Milestone's liquidity position and recent financing activities provide the company with the resources to continue the development of etripamil for PSVT and AFib-RVR, as well as potentially pursue other cardiovascular indications. The company expects its operating plan, existing cash and cash equivalents, and short-term investments to be sufficient to fund its operations for at least the next 12 months.

Market Opportunity

The PSVT market represents a significant opportunity for Milestone, with an estimated 2 million Americans affected by the condition and over 150,000 emergency department visits and hospital admissions per year. Milestone believes that etripamil has the potential to shift the current treatment paradigm away from the burdensome and costly emergency department setting, as the company's market research suggests that cardiologists are willing to prescribe etripamil to approximately 50% of their PSVT patients.

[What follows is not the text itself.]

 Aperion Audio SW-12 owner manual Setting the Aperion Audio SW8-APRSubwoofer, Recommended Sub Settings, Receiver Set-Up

In the AFib-RVR market, the company estimates that there are 5 million Americans suffering from AFib, with nearly 800,000 patients admitted to the emergency department due to AFib symptoms in 2016. Milestone believes that etripamil's ability to rapidly reduce ventricular rate could provide a valuable treatment option for these patients, who often seek acute care to resolve their symptoms.

Risks and Challenges

Milestone faces several risks and uncertainties in its pursuit of regulatory approval and commercialization of etripamil. These include the inherent risks associated with drug development, the ability to obtain regulatory approvals, the successful scale-up of manufacturing, and the company's ability to effectively commercialize the product, if approved. Additionally, Milestone may be impacted by general economic, political, and market conditions, including the recent trends towards rising inflation and interest rates.

Conclusion

Overall, Milestone Pharmaceuticals is well-positioned to continue its progress in the development of etripamil for the treatment of PSVT and AFib-RVR. The company's recent financing activities, coupled with its promising clinical data and the significant market opportunities, suggest that Milestone is navigating the cardiovascular landscape with a clear strategic vision and the necessary resources to potentially bring innovative treatment options to patients in need.